- Born: 15 April 1925 Rome, Italy
- Died: 12 July 2023 (aged 98) Road Town, British Virgin Islands
- Occupation: Director
- Relatives: Riccardo Garrone (brother)

= Sergio Garrone =

Italian director, screenwriter and film producer (1925–2023)

Sergio Garrone (15 April 1925 – 12 July 2023) was an Italian director, screenwriter and film producer.

== Life and career ==
Born in Rome, the brother of the actor Riccardo, Garrone began his career in 1948 working as assistant director, documentary filmmaker, and production assistant. In 1953, he abandoned the cinema industry, but in 1965 he resurfaced as a producer of low-budget genre films. Starting from 1968, Garrone was also active as a director and a screenwriter, specializing in the Spaghetti Western genre. He was usually credited as Willy S. Regan. Garrone died in July 2023, at the age of 98.

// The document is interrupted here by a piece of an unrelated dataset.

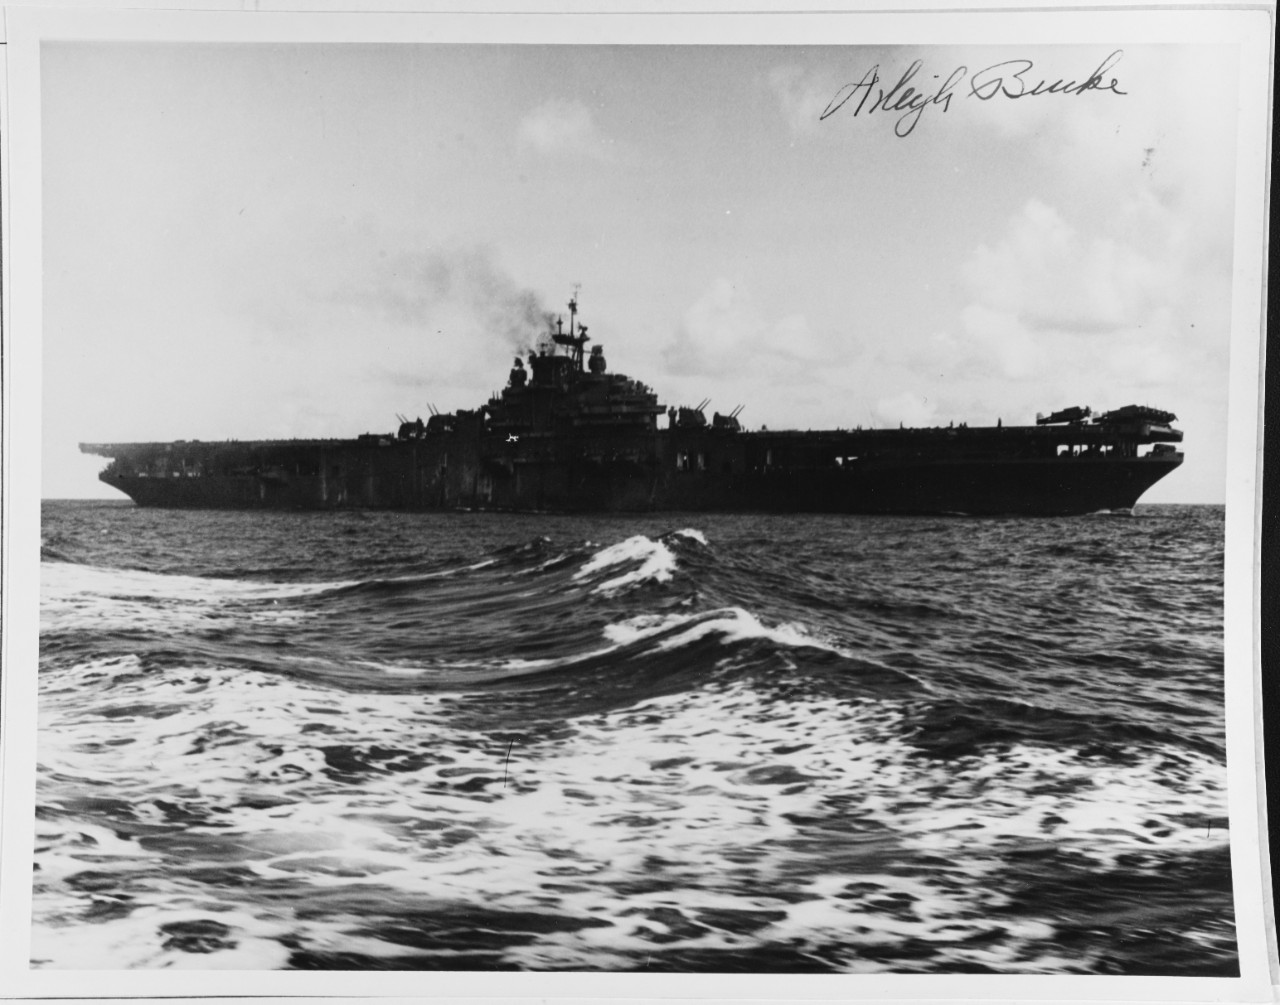 USS RANDOLPH (CV-15) Admiral A. Burke was assigned to First Carrier Task Force, Pacific, from March 1944 -- May 1945

== Selected filmography ==
- Director and screenwriter
- No Graves on Boot Hill (1968)
- A Noose for Django (1969)
- Django the Bastard (1969)
- La colomba non deve volare (1970)
- Kill Django... Kill First (1971)
- Terrible Day of the Big Gundown (1971)
- Lover of the Monster (1974)
- The Hand That Feeds the Dead (1974)
- SS Experiment Camp (1976)
- SS Camp 5: Women's Hell (1977)

- Screenwriter
- Death Knocks Twice (1969)
- Five for Hell (1969)
- The Big Bust Out (1972)
- La pagella (1980)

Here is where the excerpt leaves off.